- RECORDS SUPPLIED
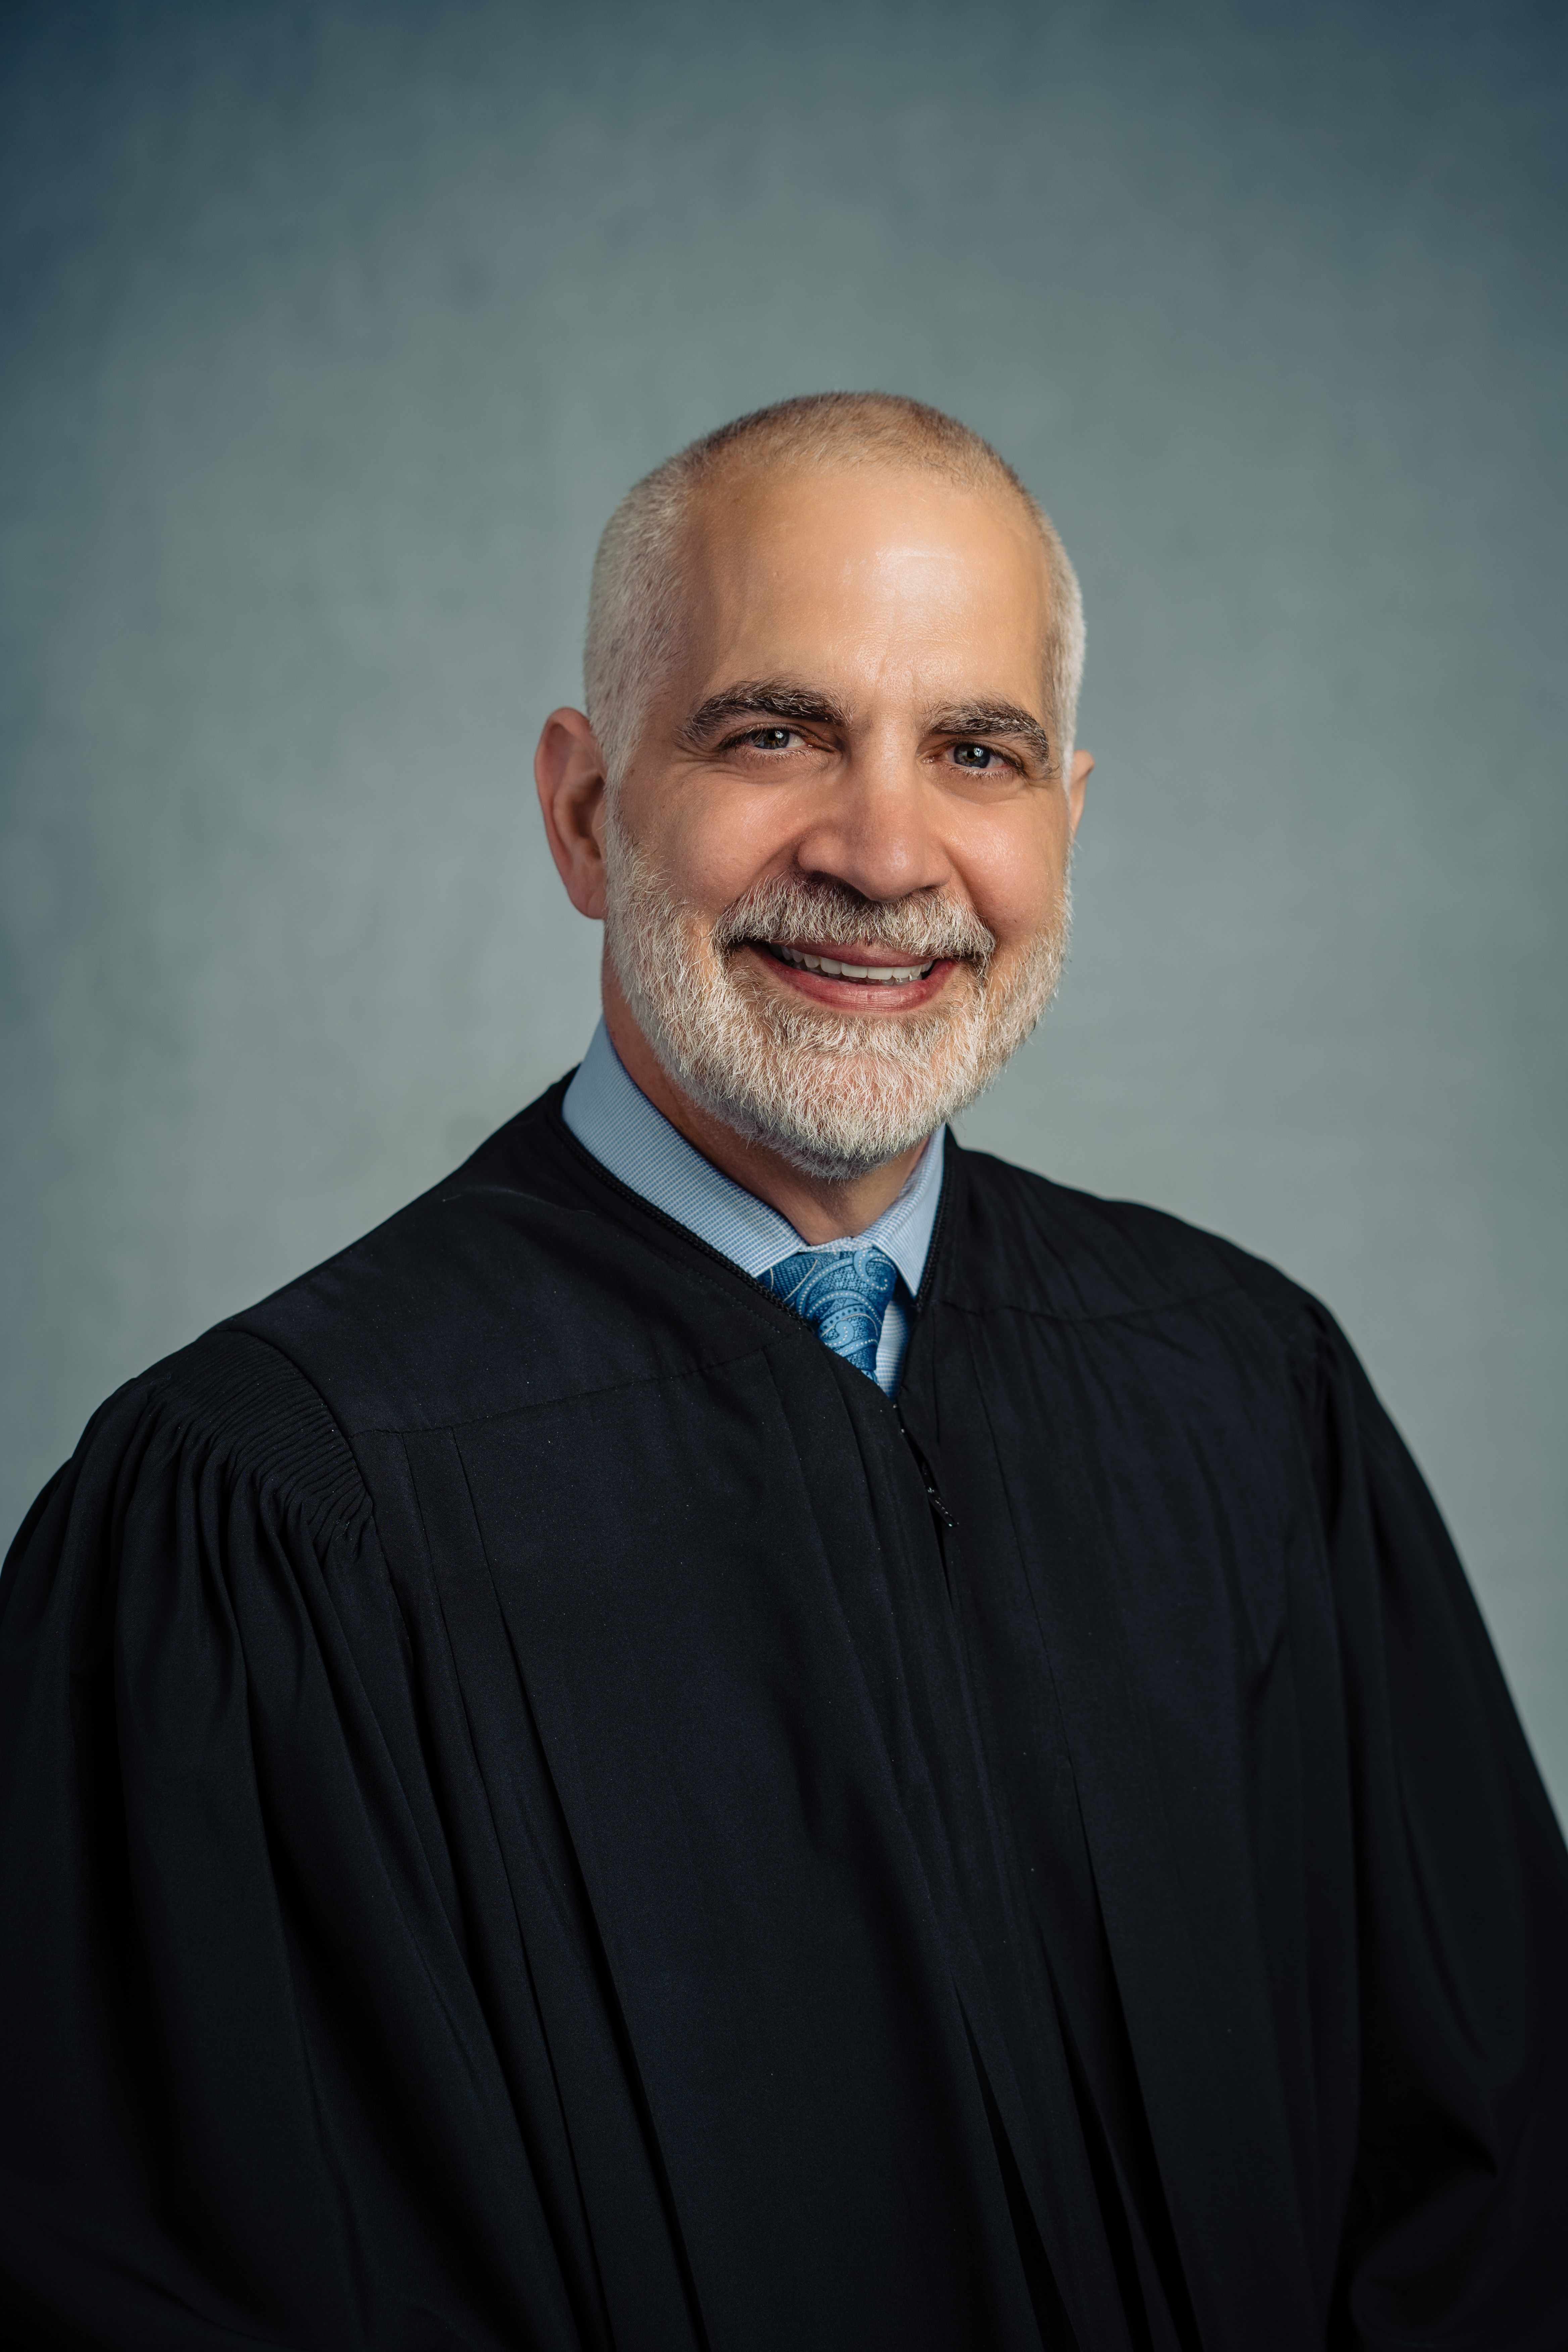 Judge Damon Shadid
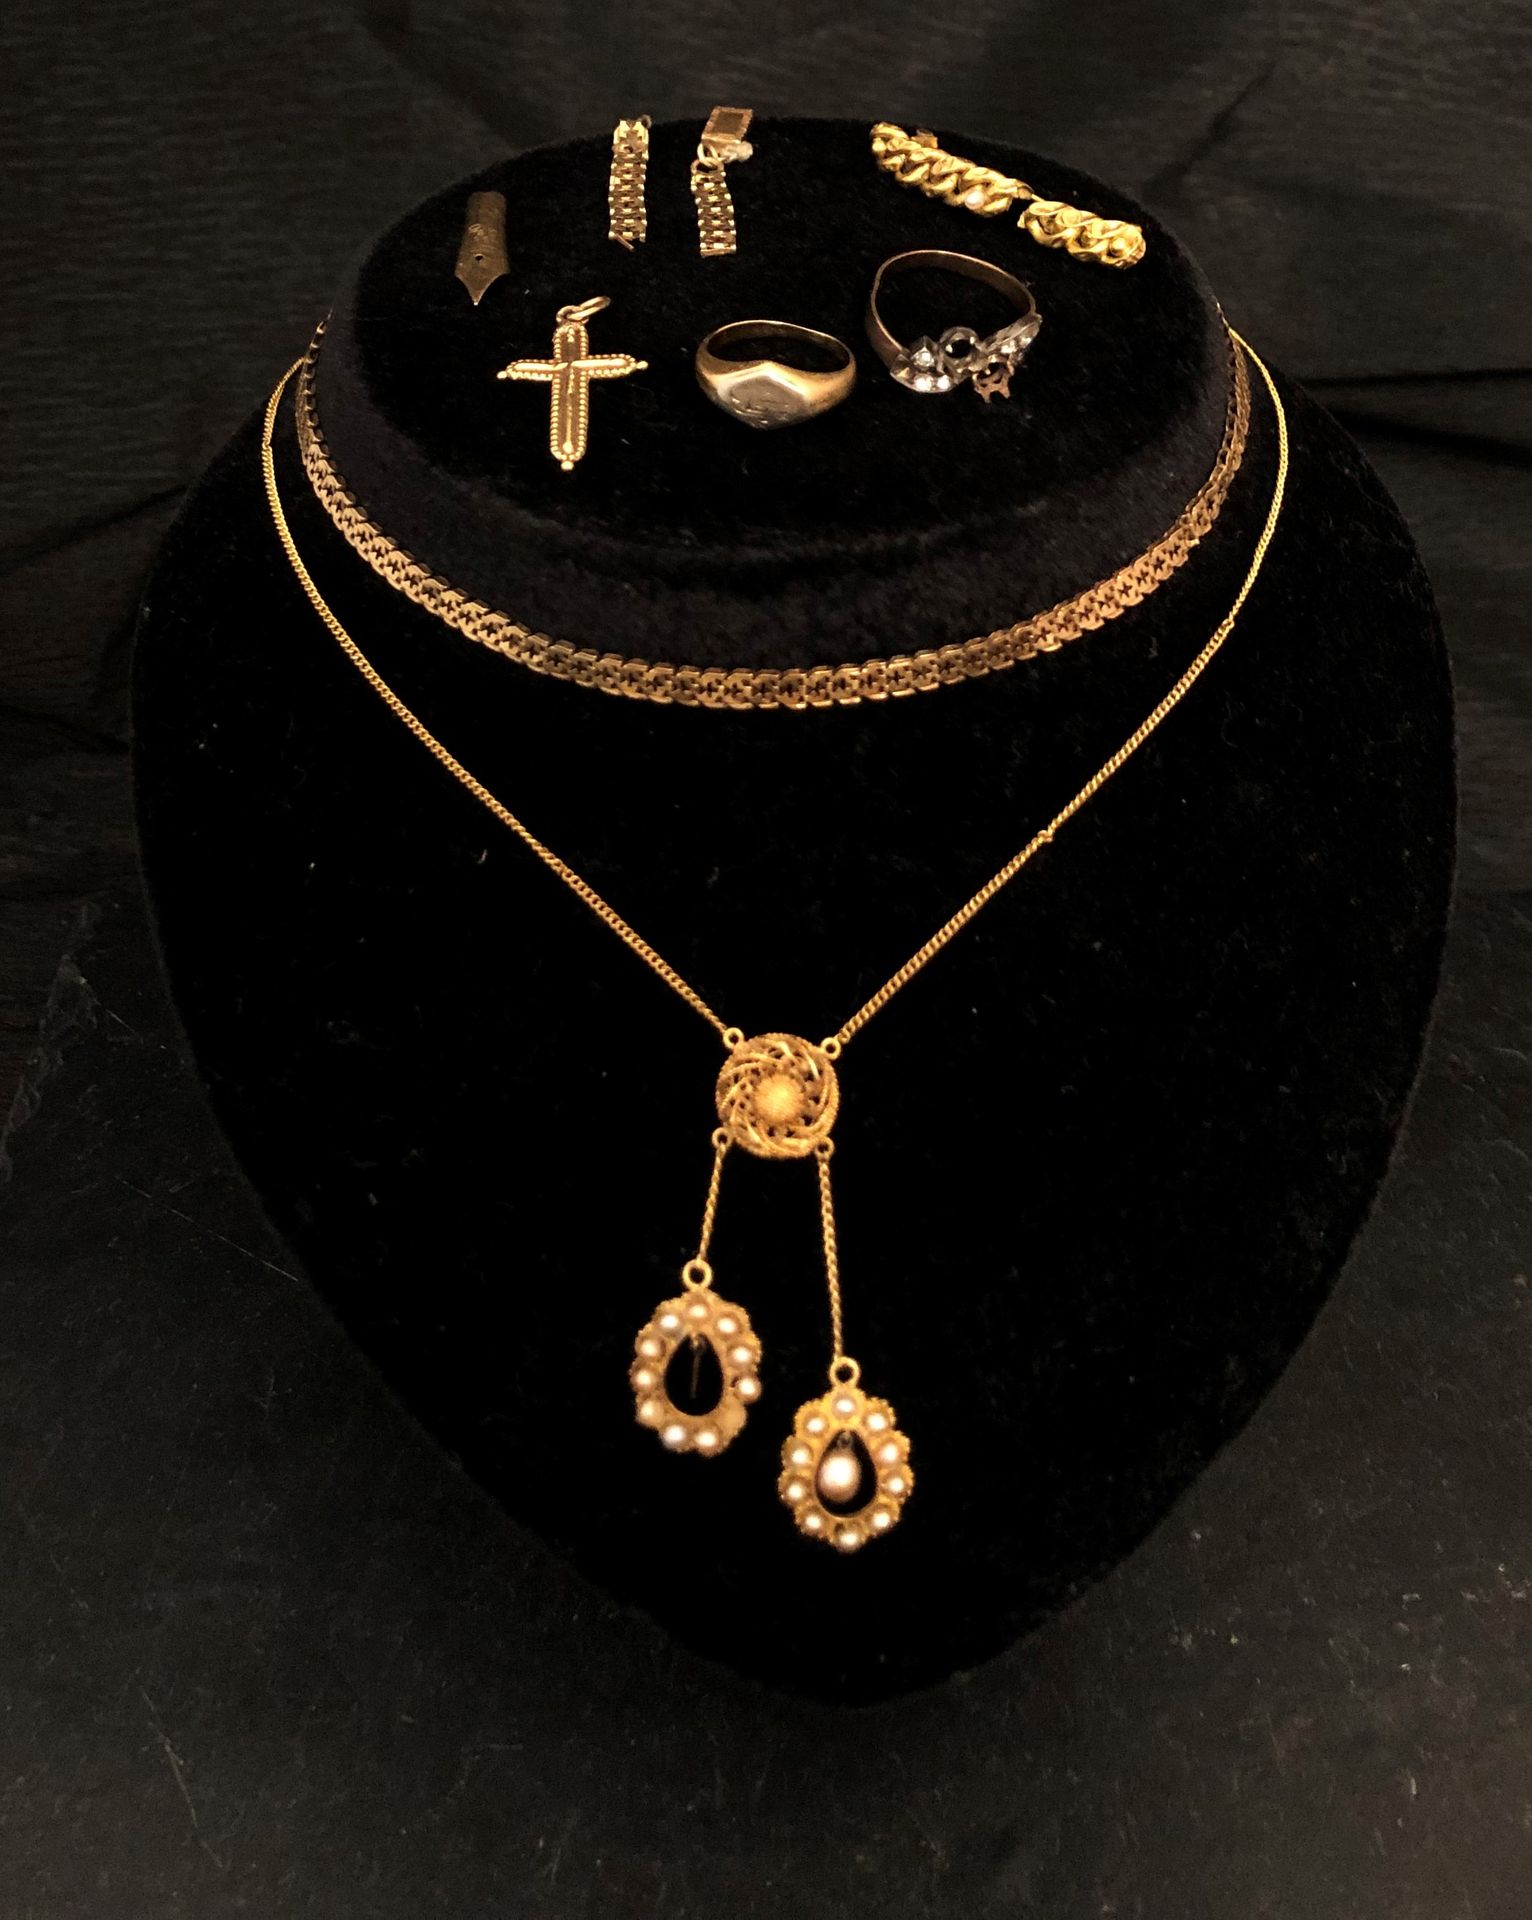 Null 一批750毫米的黄金，包括:
- 一条小的金属项链，上面装饰着仿珍珠。
- 一条机械链接（事故）断裂的项链，重量为净重：6.7克。 
- 750毫米黄&hellip;

- BRIEF
Could you print the whole listing again, exactly, leaving the pictures out?

- RESPONSE TO THIS TASK
 Judge Damon Shadid
 Null 一批750毫米的黄金，包括:
- 一条小的金属项链，上面装饰着仿珍珠。
- 一条机械链接（事故）断裂的项链，重量为净重：6.7克。 
- 750毫米黄&hellip;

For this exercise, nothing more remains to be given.